Our Perfect Example of Love, Compassion, and Kindness
Look around you. What do you see? I see opportunities everywhere. In all the chaos and uncertainty in our country and around the world, I see nothing but opportunity. I see the opportunity to share the love of Jesus to a hurting world! Can we hold on to and focus upon love, compassion, and kindness in the midst of the storm, in the middle of the battle, while being attacked from inside and out? I hope so because more "love" and "compassion" is what the world needs more than ever!
I have the hope of Jesus in my heart, and my heart is FULL. Real FULL!
My heart is full because I've struggled. Like you, when I struggle, I turn to God. For the last year, we've all struggled to some extent. But this time it was different. Struggle mixed with uncertainty. What can I trust?
This is the third article in a 10 article series as we take a deeper dive into the topic of suffering. Specifically, "Suffering" and why it must be this way.
This past year we've all had to endure, and for some of us, it's been one major hit after another. I believe God has a plan.
"I have been crucified with Christ; and it is no longer I who live, but Christ lives in me; and the life which I now live in the flesh I live by faith in the Son of God, who loved me and gave Himself up for me." Galatians 2:20
Regardless of what I see in the world, I am convinced that my best years have yet to come. I am committed to following Jesus, and regardless of what I see and experience, I choose to be a vessel of God's love, broken and poured out for others. How bout you?
"And we know that God causes all things to work together for good to those who love God, to those who are called according to His purpose." Romans 8:28
Serving others is easier said than done! Being "the love of God" to a hurting world is tough.
And Jesus declares, “The Son of Man came not to be served but to serve, and to give his life as a ransom for many.” Matthew 20:28
Heck! Let's admit it, 2020 was tough, unusually tough. For me, 2019 was tough too! I got a double-whammy, two touch years in a row! Subsequently, I prayed more over the last two years than ever before and the outcome has been priceless. I've never spent more time in the Word. My life was pruned and crushed, but my heart healed and I can't help but rejoice!
And the Apostle Peter taught, "but to the degree that you share the sufferings of Christ, keep on rejoicing, so that also at the revelation of His glory you may rejoice with exultation." 1 Peter 4:13
I didn't know it was possible to grow as close to God as I have. It's been remarkable, and without the difficulties, setbacks, delays, and disappointments, I don't think my growth would have happened. Not to this degree.
For me, the term "suffer" and/or "suffering" accurately describes much of my life in 2019 and 2020. Suffering came and stayed, but this time I responded differently. God used my suffering to promote my growth. Consequently, today I see things differently.
Surprised by Suffering
I am no stranger to "suffering," and like everyone else, I have had my seasons of suffering. But this time I didn't see it coming. Not like this.
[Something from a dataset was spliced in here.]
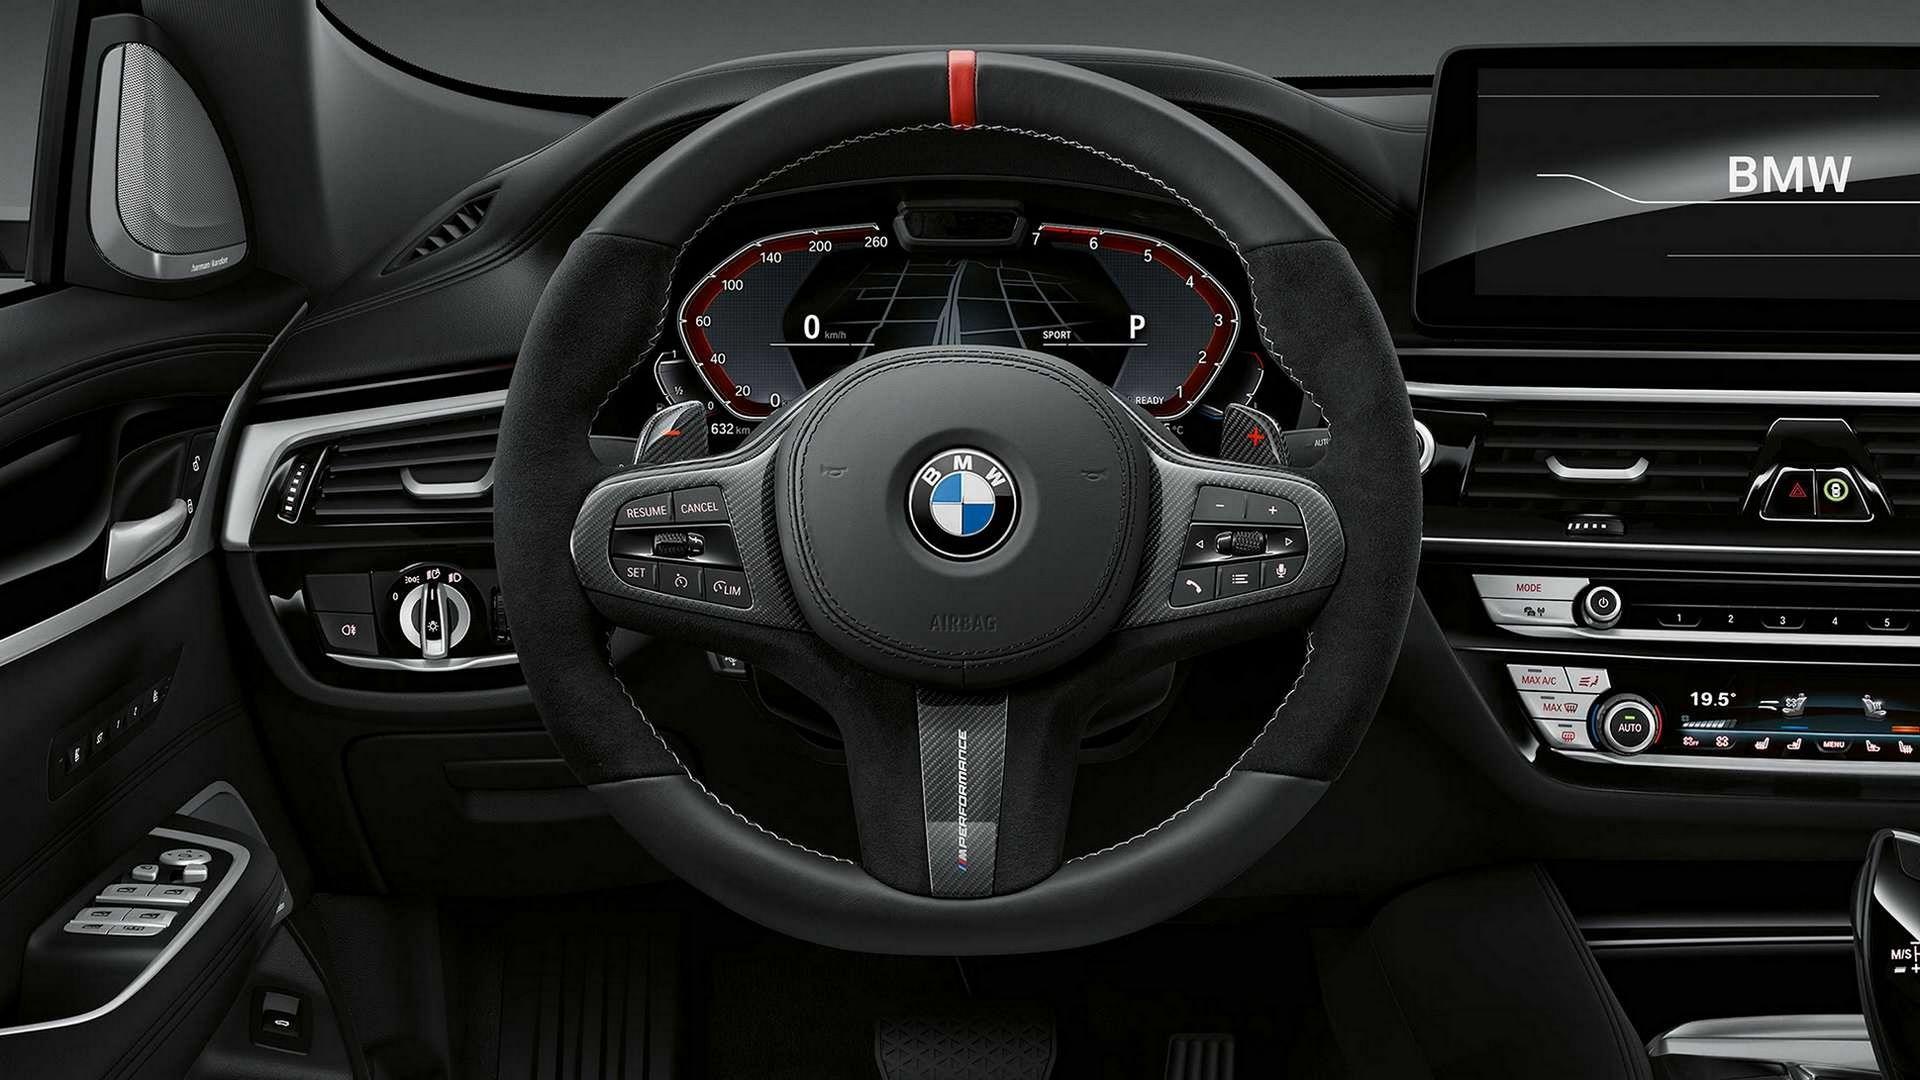 BMW-6-Series-GT-Gran-Turismo-facelift-2021-48

It seemed as though I was ill-prepared for the suffering in 2020, but was I? Hmmm...
In hindsight, I've learned that I was much more prepared than I thought. I was being prepared by God and didn't know it. God is always at work and I am never alone, and there is always a Kingdom purpose.
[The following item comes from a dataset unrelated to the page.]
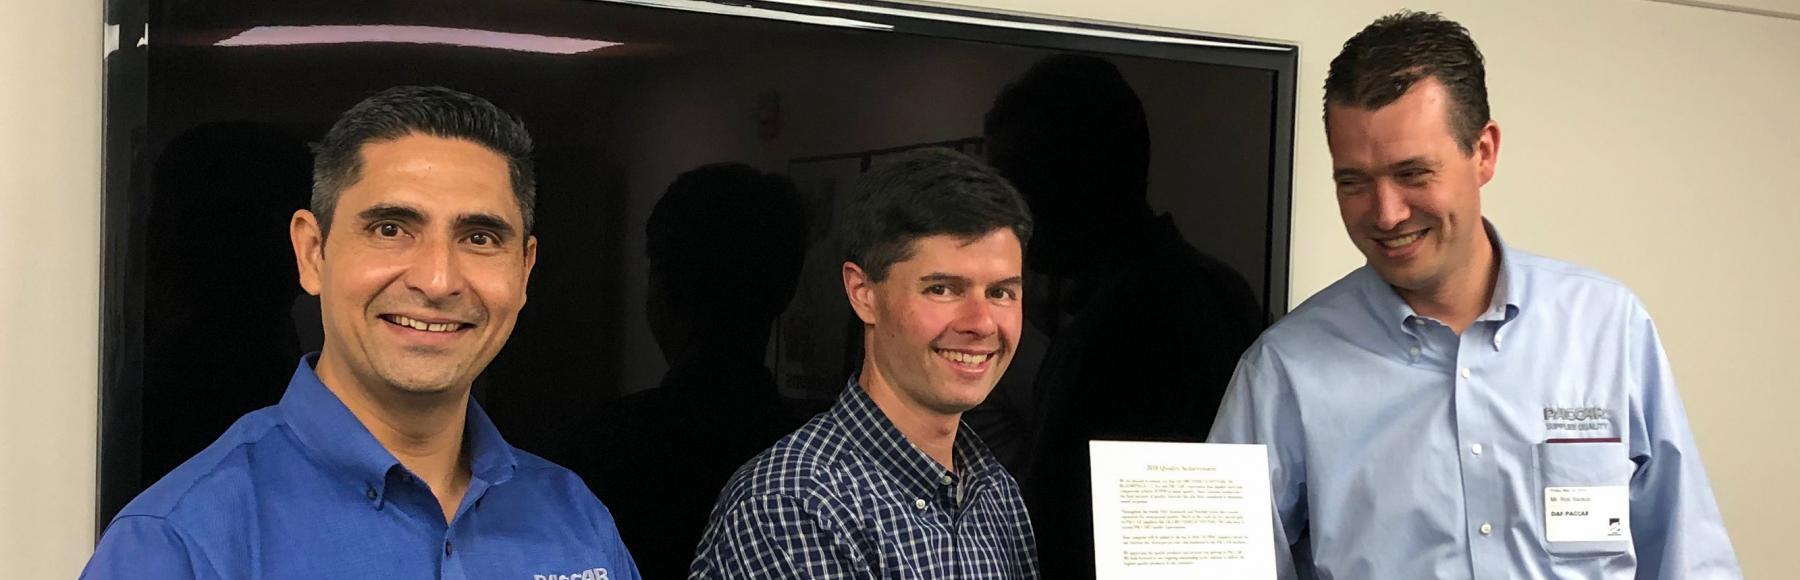 Jacobs荣获PACCAR颁发的10 PPM奖

"Have this attitude in yourselves which was also in Christ Jesus, who, although He existed in the form of God, did not regard equality with God a thing to be grasped, but emptied Himself, taking the form of a bond-servant, and being made in the likeness of men. Being found in appearance as a man, He humbled Himself by becoming obedient to the point of death, even death on a cross. For this reason, also, God highly exalted Him, and bestowed on Him the name which is above every name, so that at the name of Jesus every knee will bow, of those who are in heaven and on earth and under the earth, and that every tongue will confess that Jesus Christ is Lord, to the glory of God the Father." Philippians 2:5-11
If the truth is to be told, 2019 and 2020 have been my best years by far! In the suffering, I experienced growth, exponential growth! In the suffering, I discovered the deep love of God. And, in and through the suffering I have finally allowed God to become my Father.
Being Pruned and Prepared for a Bountiful Harvest
I let go of a lot of things in 2020, and even though it was painful and I suffered, it was good - real good!
Suffering is a part of life and it is inescapable. We all suffer. But this time the suffering had a purpose and the pain and loss were redeemed. Nothing has been wasted and God has redeemed all my tears.
In my suffering throughout 2020, I experienced the supernatural love of God. And now, consequently, I am uniquely prepared to love others, to love those who are suffering, to love those seeking relief.
"For God did not send the Son into the world to judge the world, but that the world might be saved through Him." John 3:17
Jesus, fully God and fully man, was born to this world at a specific time for a specific purpose. Jesus was sent. And, keep in mind, you and I were "sent" too.
"As You sent Me into the world, I also have sent them into the world." John 17:18
As God, Jesus emptied Himself out and humbled himself to become the representative Man, upon Whose shoulders God rested the future of humanity. In other words, Jesus was and is the salvation of the human race, AND as the representative, Jesus is looking for us to fulfill and complete His mission.